The question is: is this a skill issue that the developers are not able to adapt to fully agentic coding, or is this a cautious choice because they want to understand the code that the AI is writing, or is it a mix of both?
It seems some of this is deliberate. Experienced developers want to understand what they are shipping. They don’t trust a black box agent making several changes they haven’t reviewed. There is also some distrust: one bad experience with an agent six months ago and the developer writes off the entire category.
On the other hand there is the harder truth: agentic coding demands a different skill. It requires you to think in terms of clear specifications, precise constraints, and system-level intent, before you ask AI to write a single line of code. That’s very different from what junior to mid-level engineers have been doing in their daily jobs. This is closer to what an architect and senior engineer does, but then the problem is these architects and senior engineers do not read or write code anymore. They are not able to validate the output AI is generating.
The stuck in auto-complete problem isn’t just about tool adoption.

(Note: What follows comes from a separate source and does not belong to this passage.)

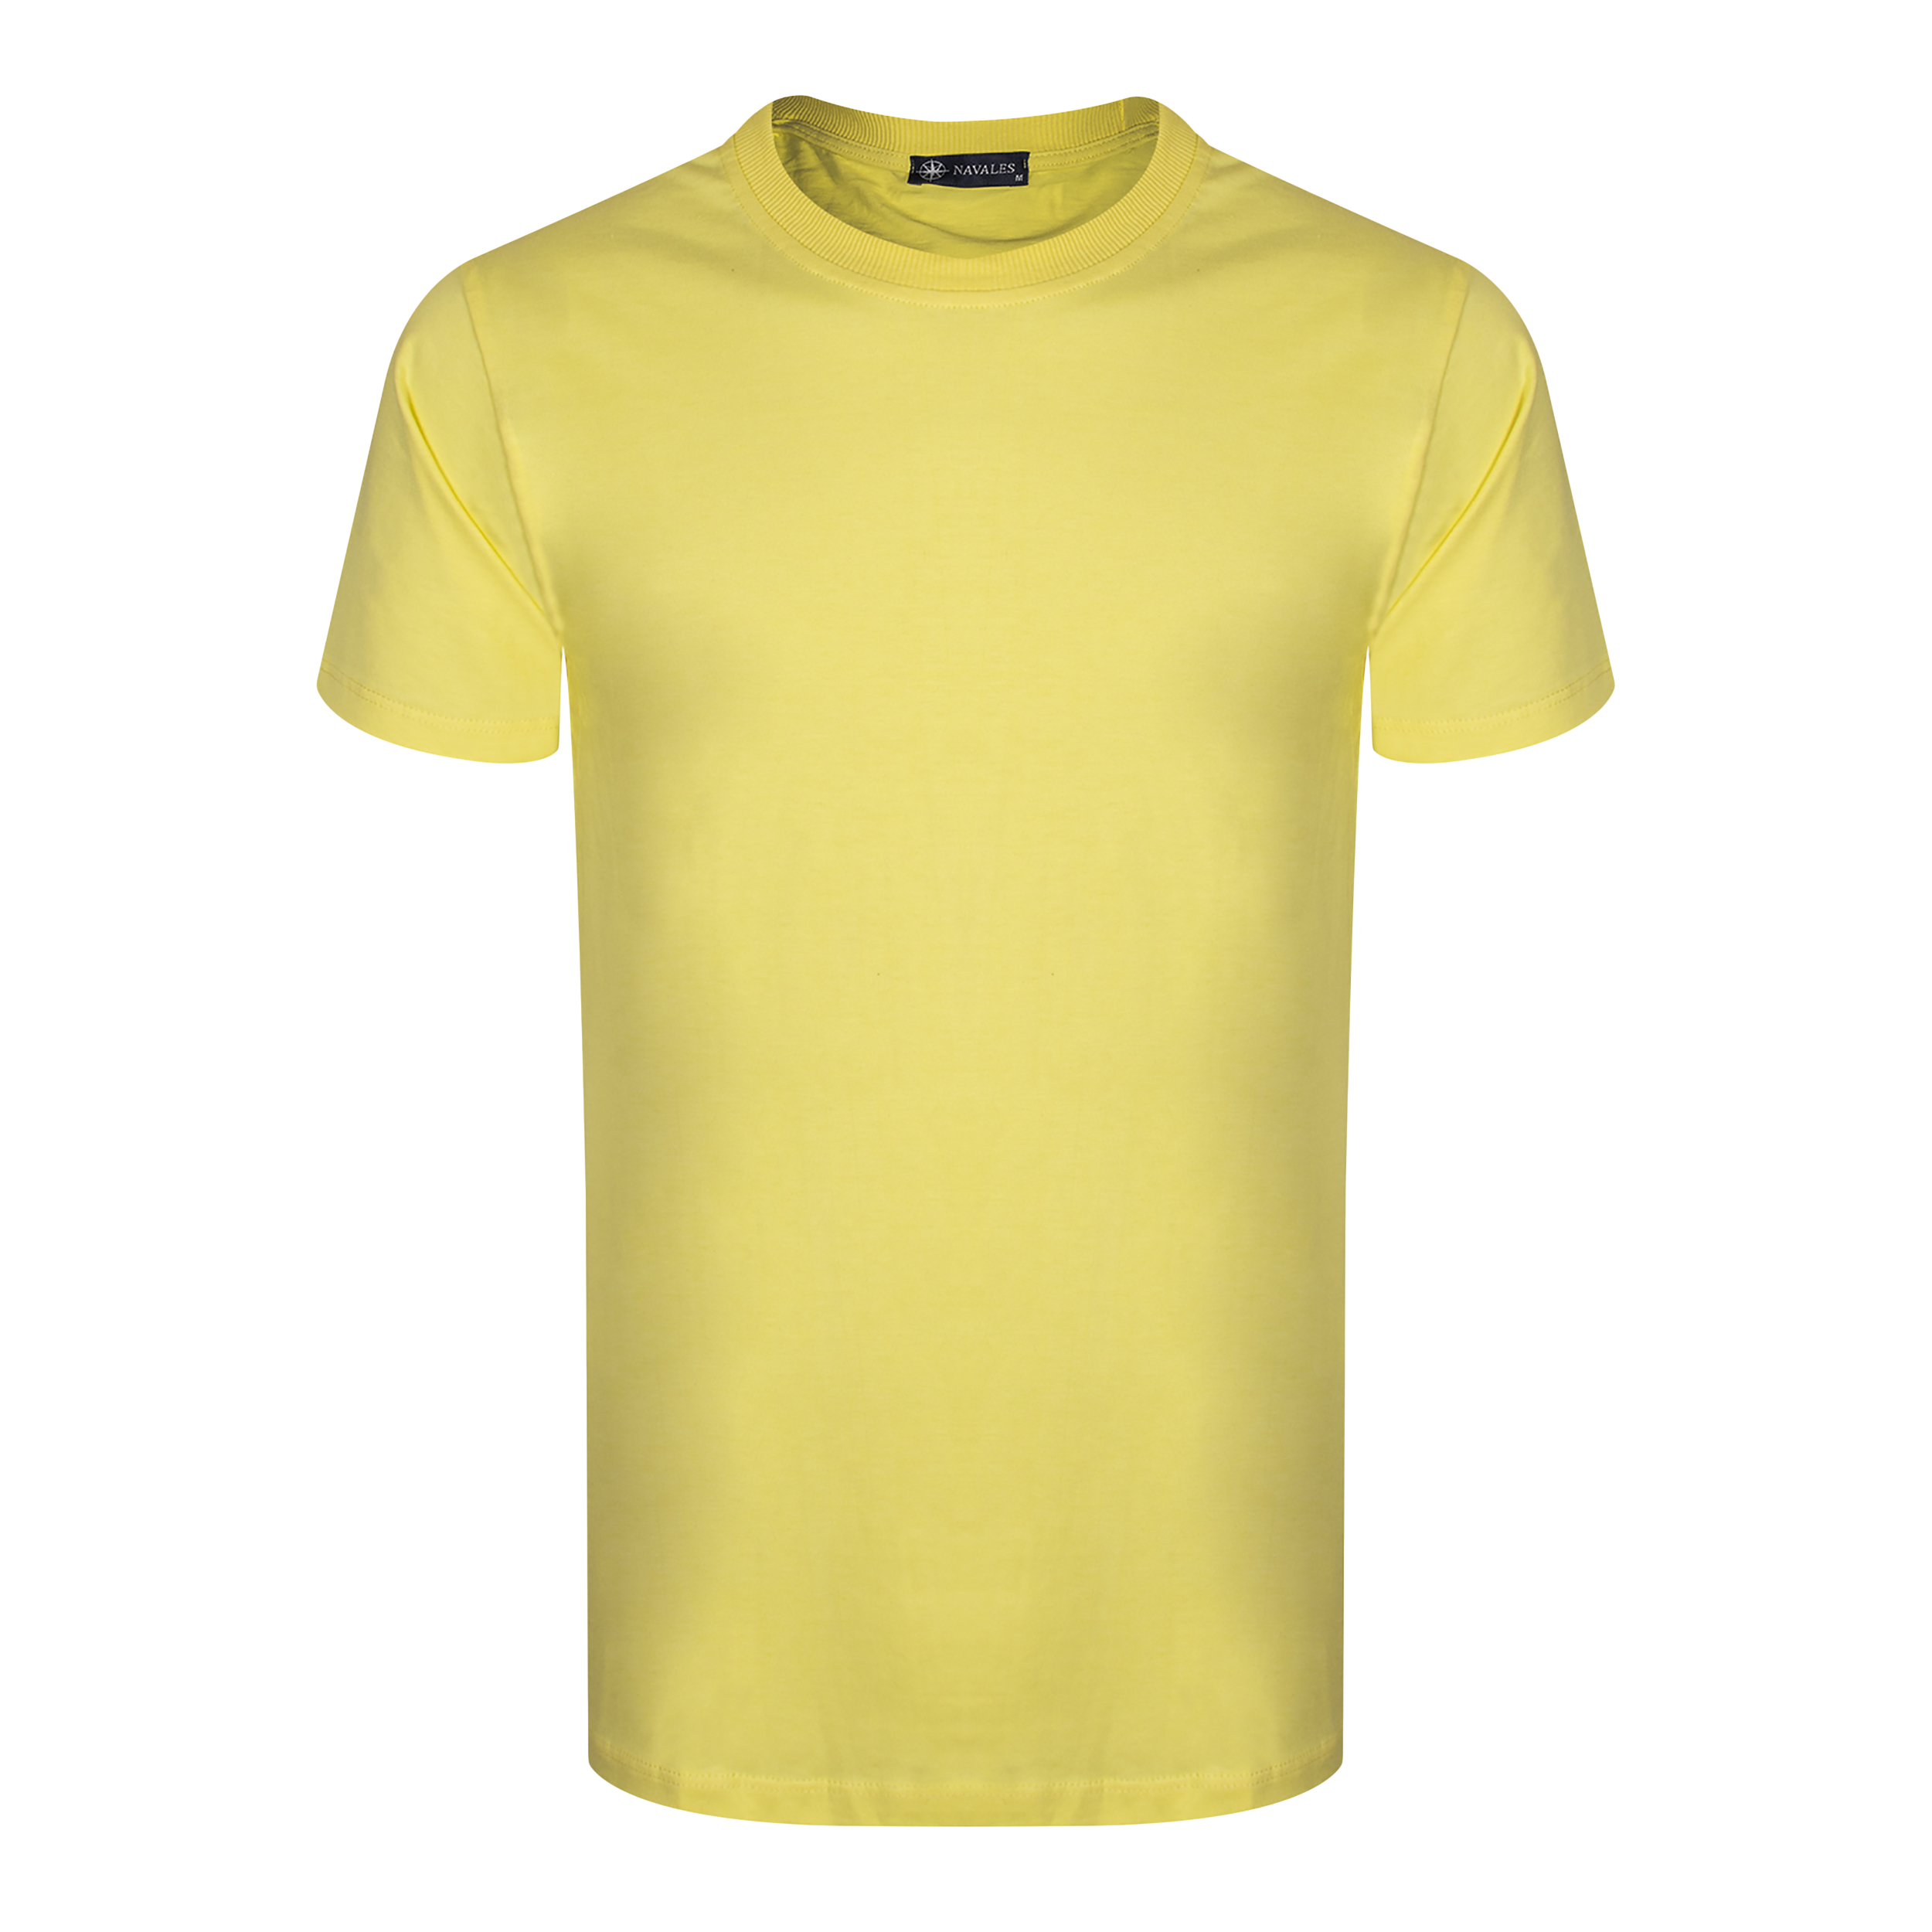 تی شرت آستین کوتاه مردانه ناوالس مدل OCEAN S/S TEES رنگ زرد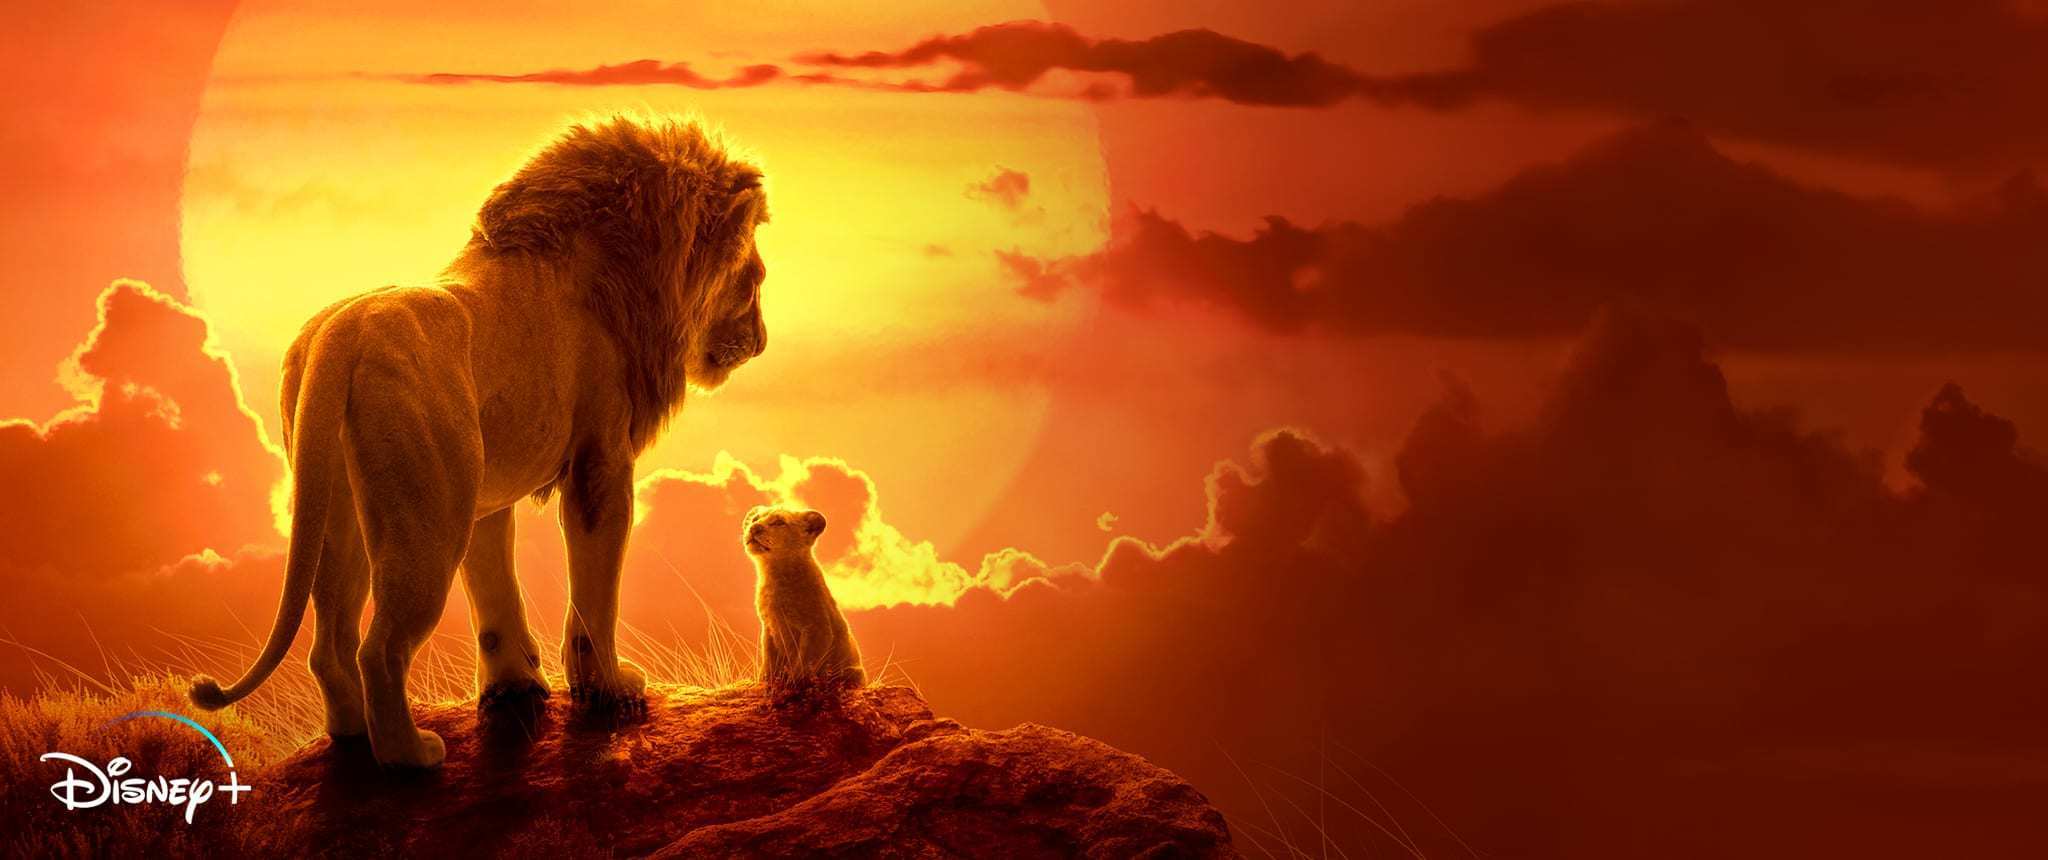 Le Roi Lion est maintenant disponible sur Disney+

It’s about whether developers have been trained to work at the level of abstraction these tools require. If you are an engineering leader and your team is using 2026 tools with a 2022 mindset, the gap isn’t your tooling budget. It’s your enablement strategy.
Engineering managers and engineering leaders need to ask: are we teaching people how to use AI as a faster typewriter or as a collaborator that changes how the work gets scoped, delegated, and reviewed? The teams who will figure this out won’t be stuck at 10% productivity gains. They will restructure how engineering actually works.
References: Link to heading
- The DX report from early 2026 says the productivity gains have stayed at 10% only and this study covered 130k+ developers across 400+ companies.
- The Kilo team talks about building an AI assisted auto-complete. They argue that the auto-complete is the trust building on- ramp to agentic workflows and most developers are still in that phase.
- There is a slightly older study from Stack Overflow. It also suggests that people are still using autocomplete and not moving to fully agentic coding.